_Work item_
From the line containing "God of War 5" to the line containing "red & lilly" in the records below, set down every line exactly as it stands, both ends included, and skip the pictures.

_Data for the task_

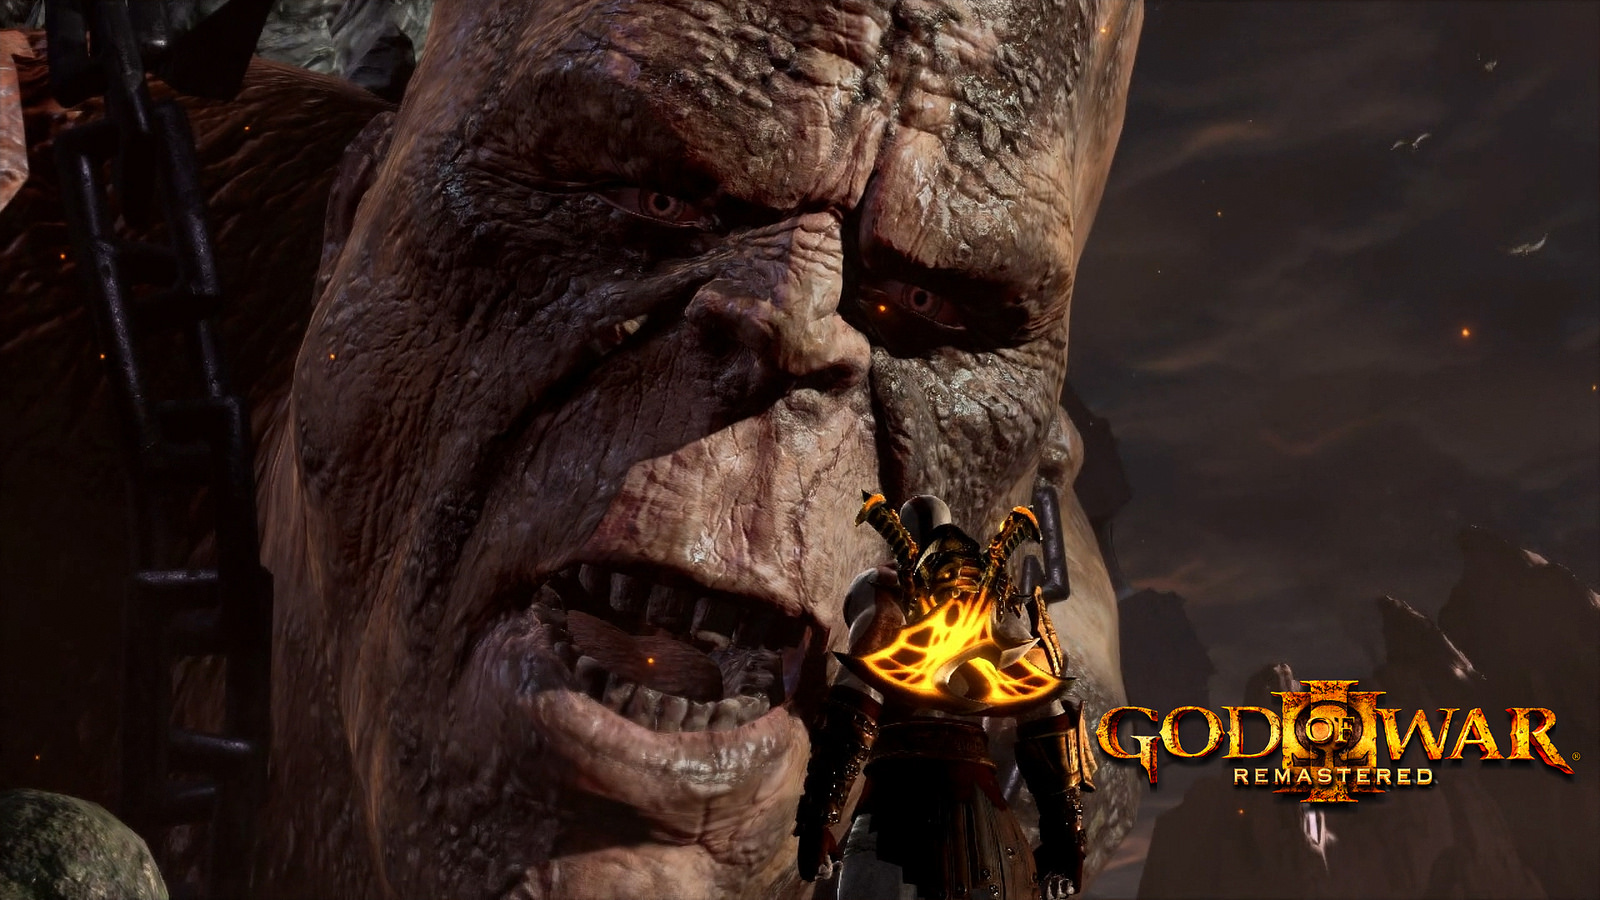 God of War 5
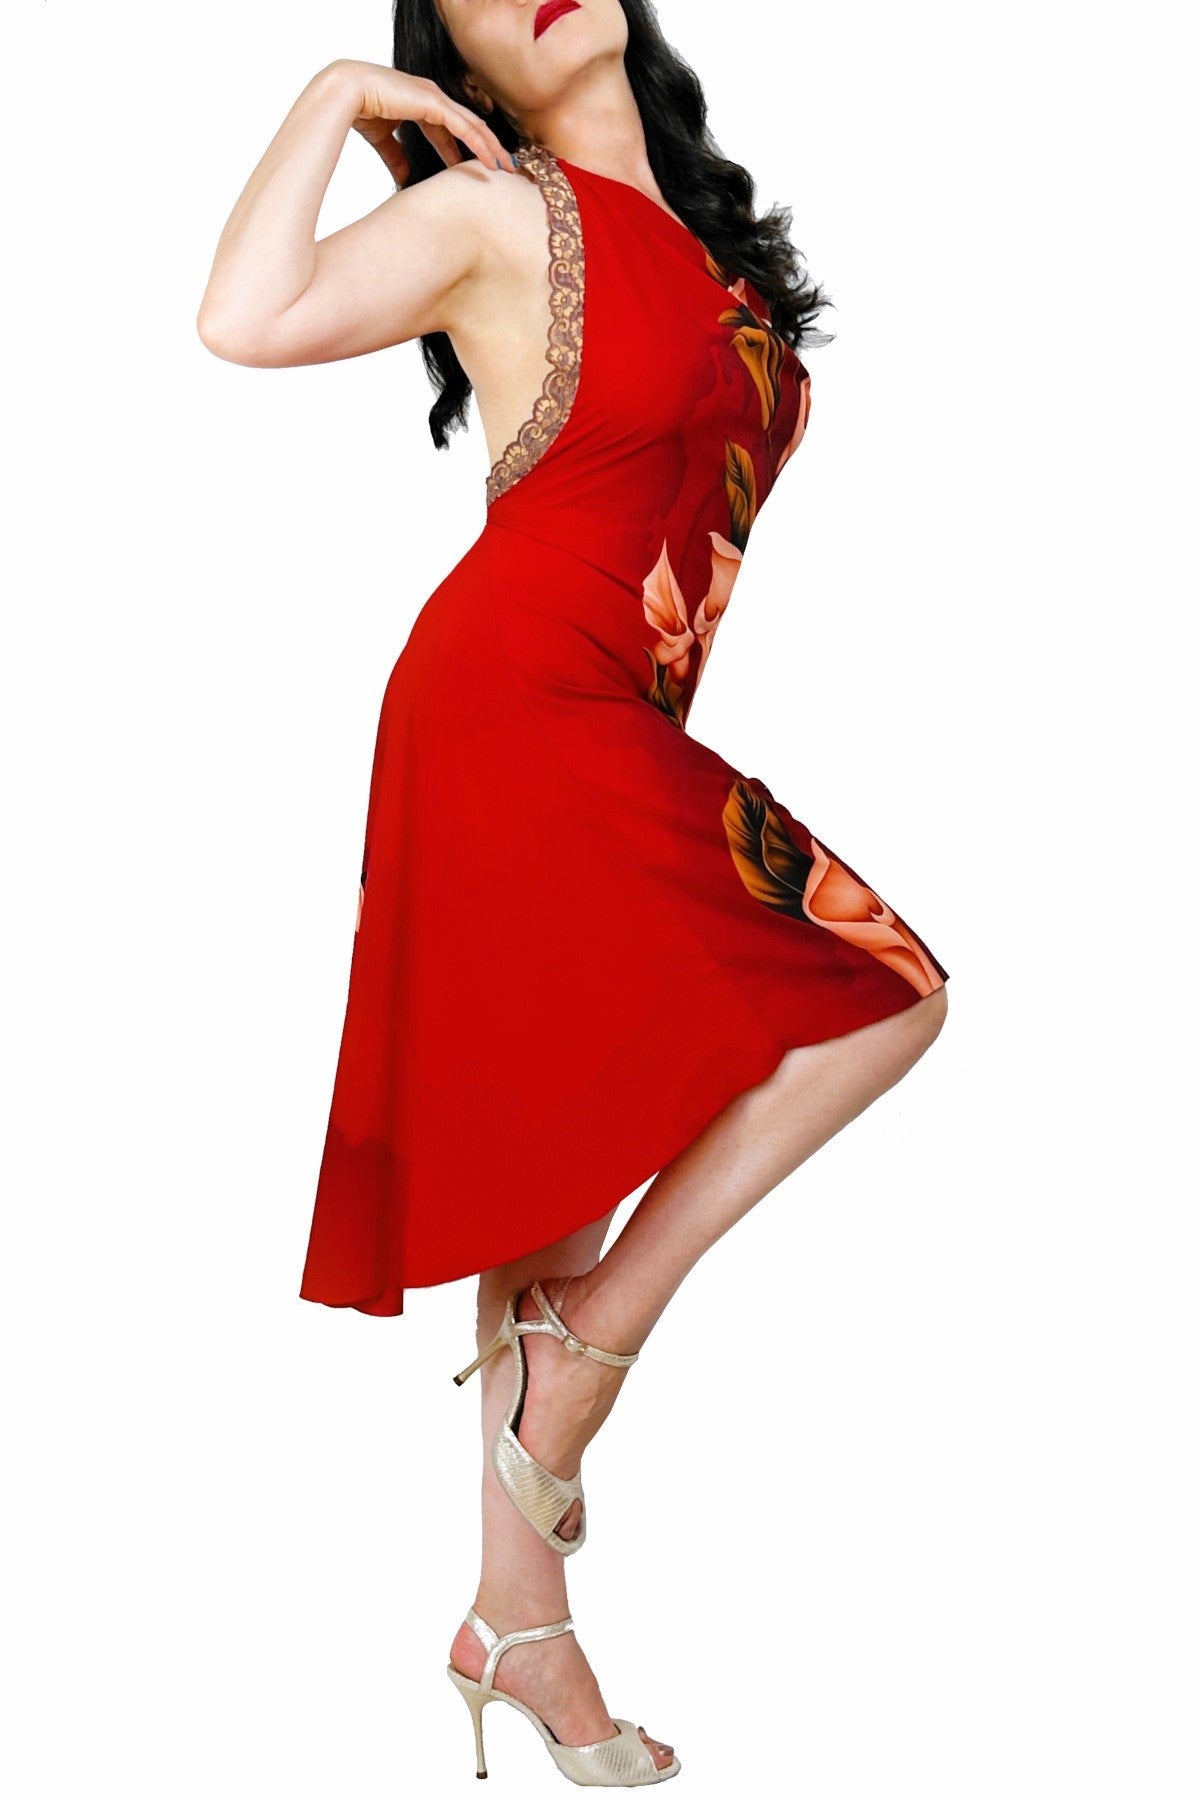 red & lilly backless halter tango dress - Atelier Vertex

---

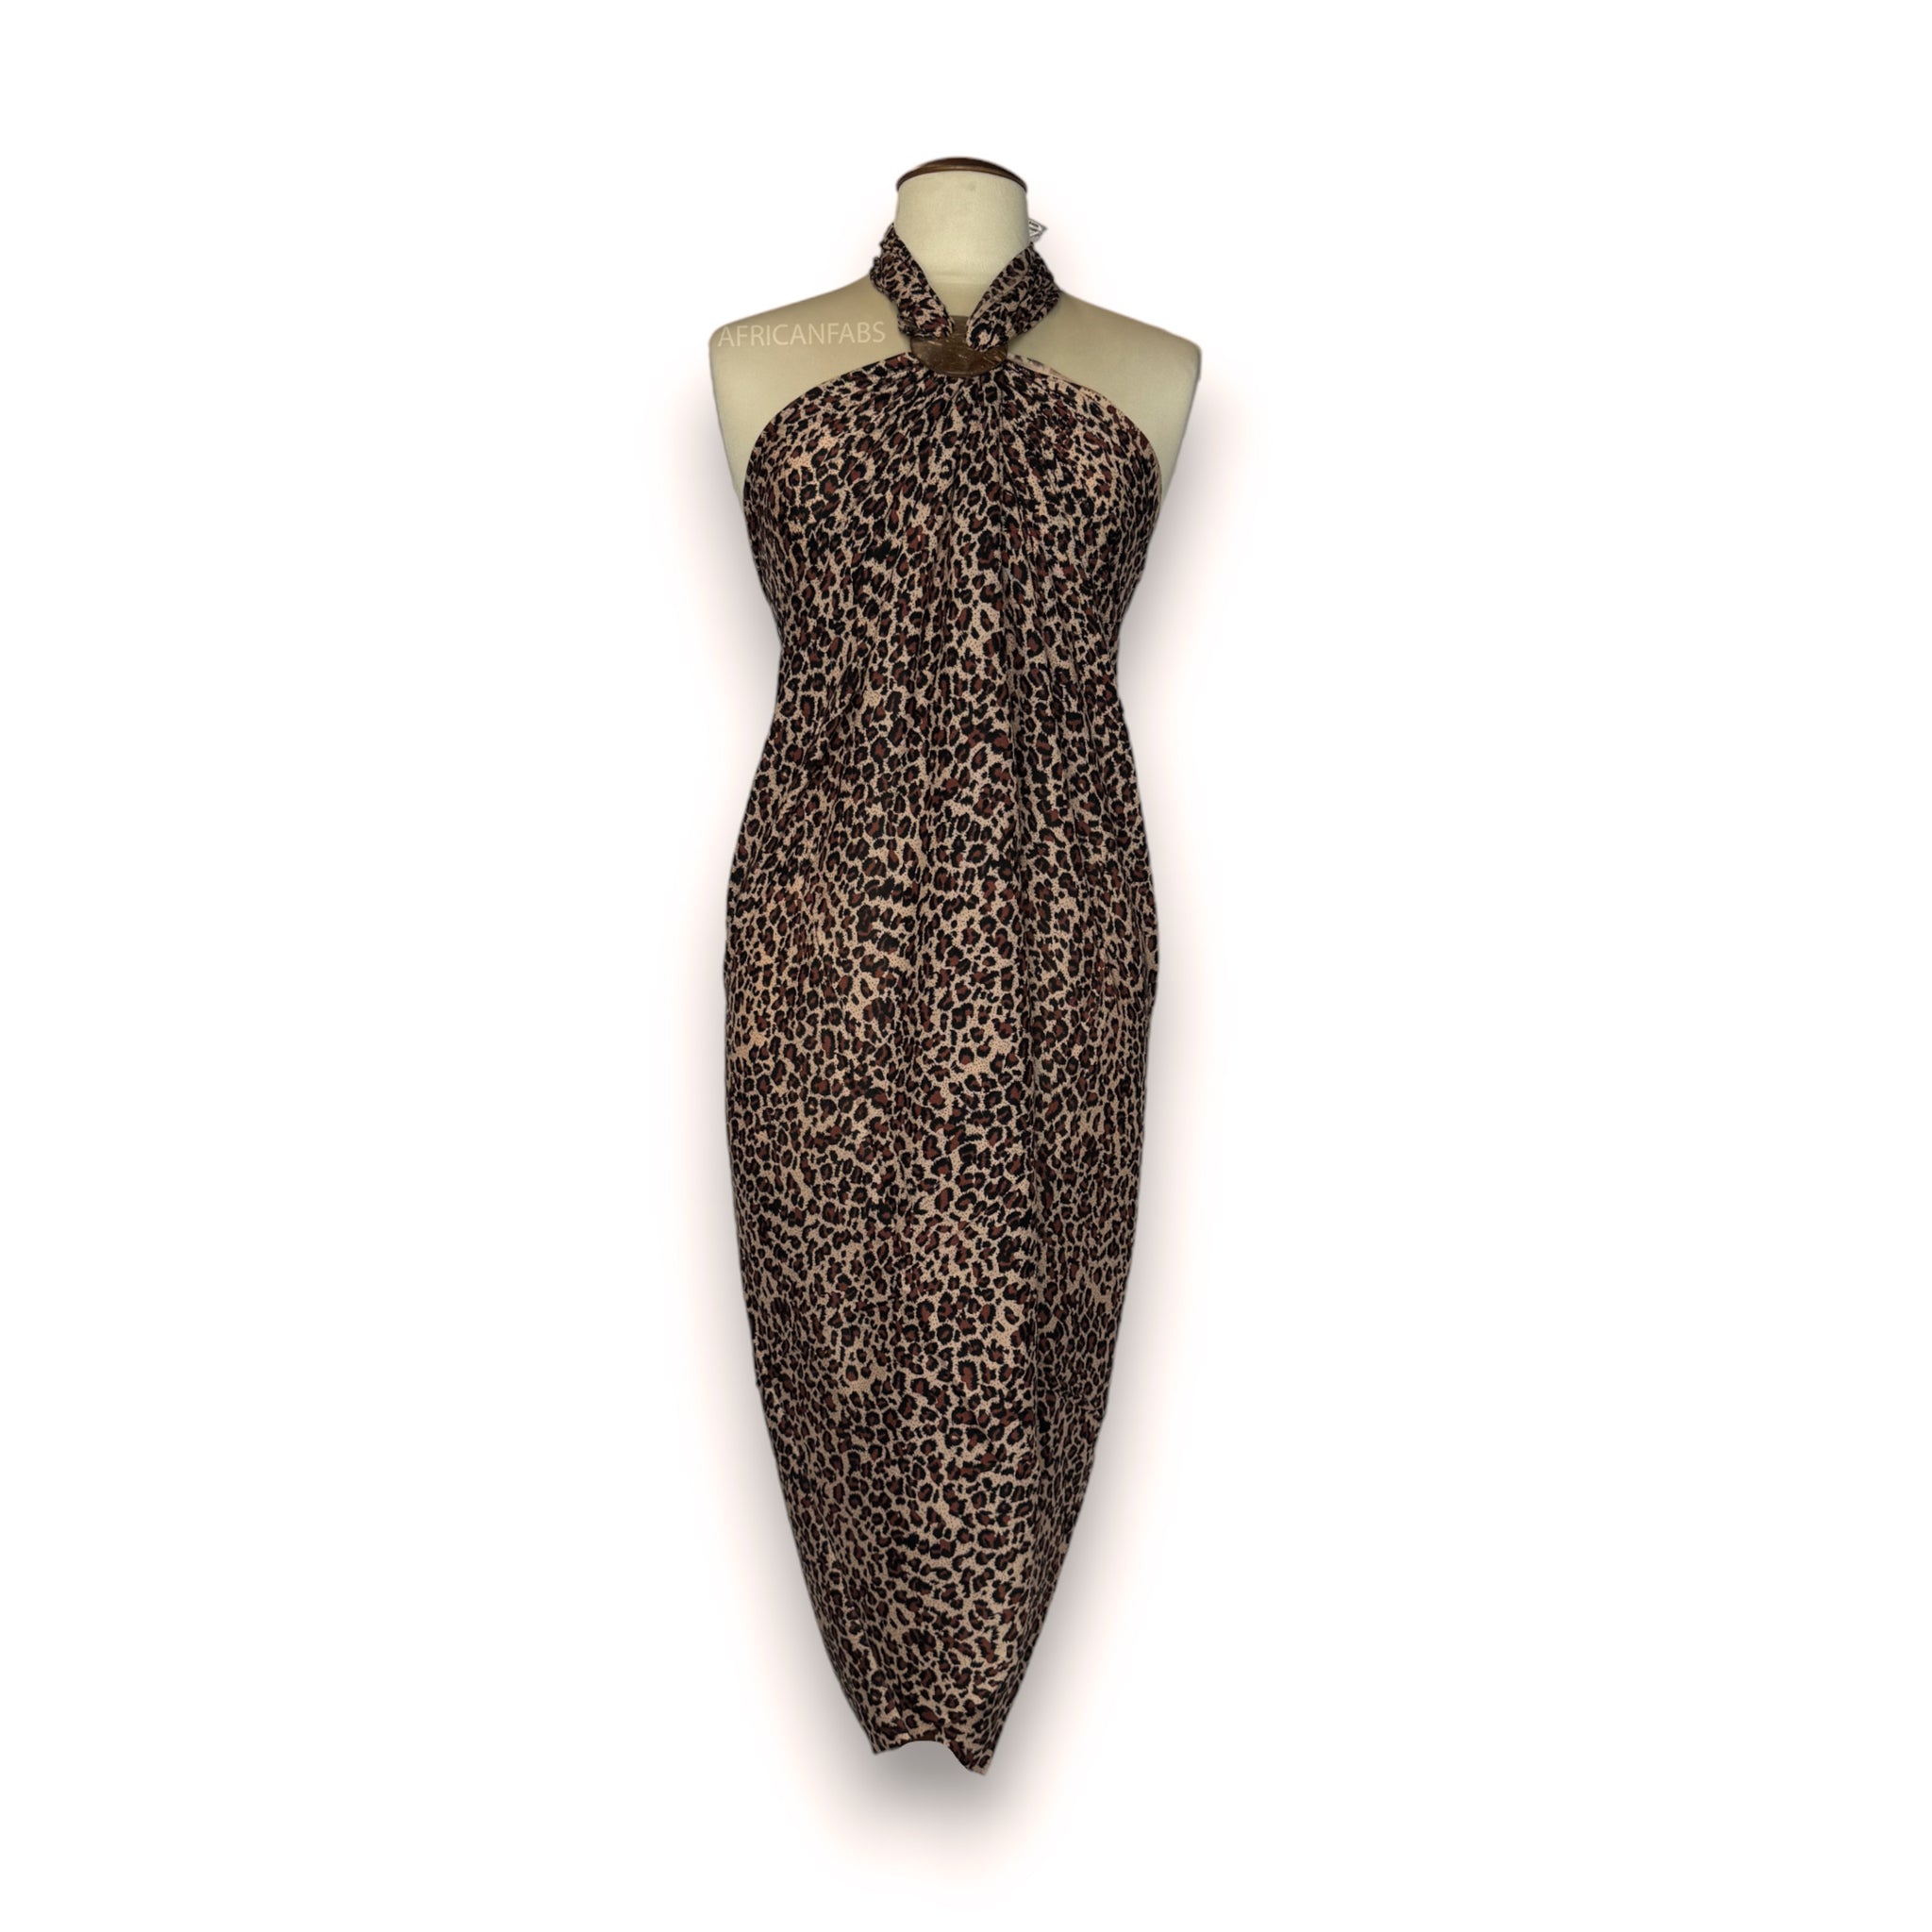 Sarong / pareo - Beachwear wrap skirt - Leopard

...

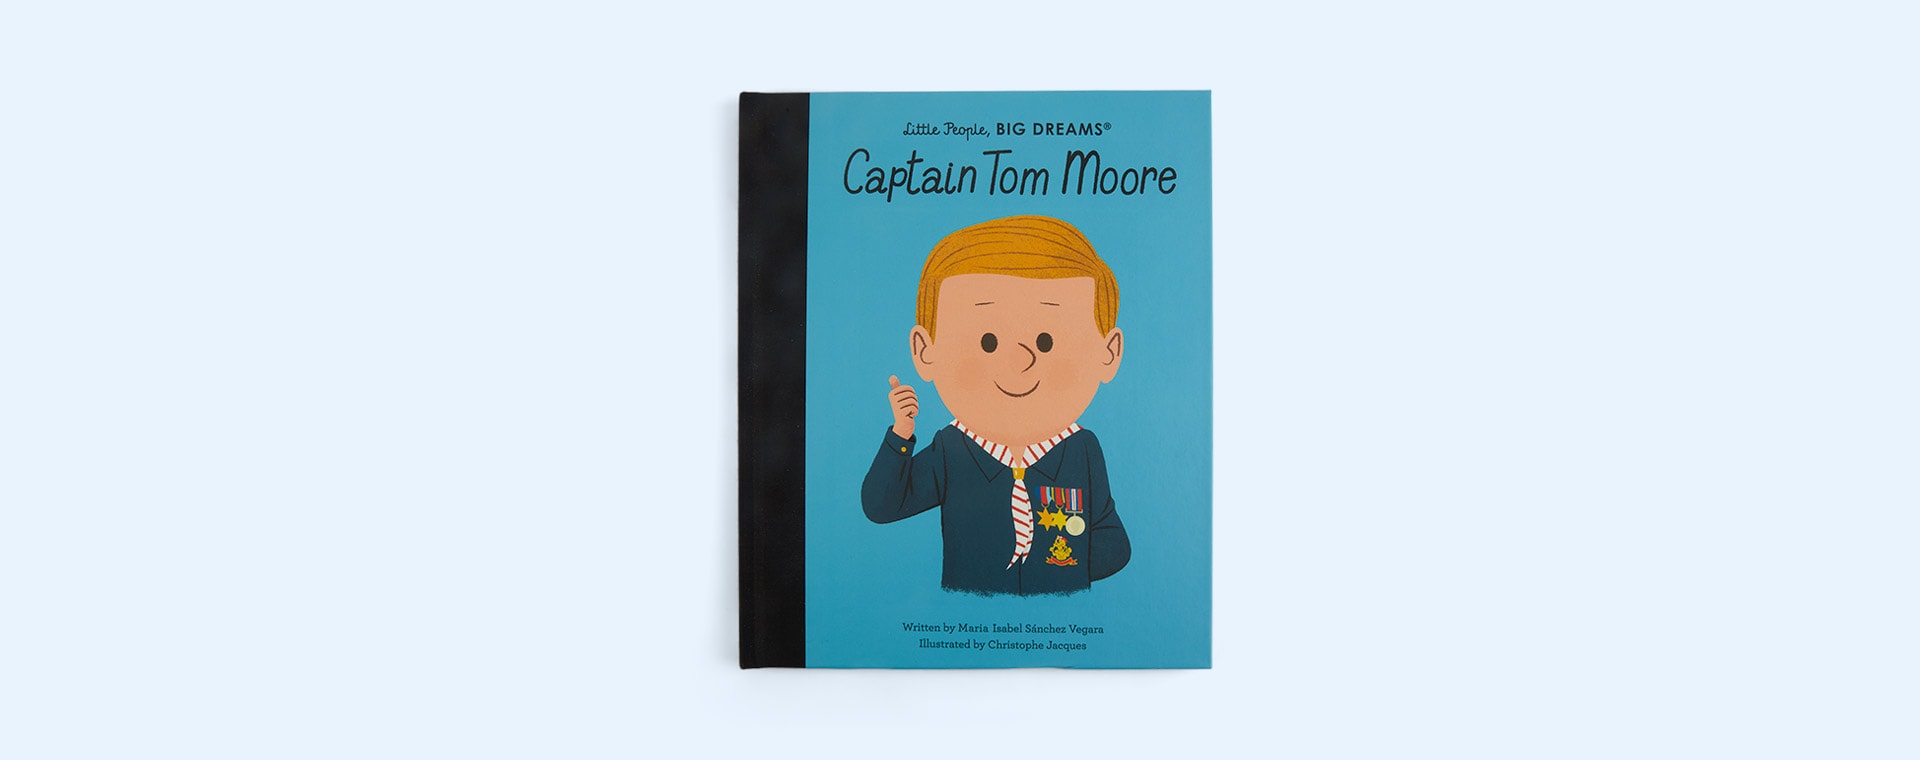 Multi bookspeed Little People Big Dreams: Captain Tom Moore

_Written solution_
 God of War 5
 red & lilly backless halter tango dress - Atelier Vertex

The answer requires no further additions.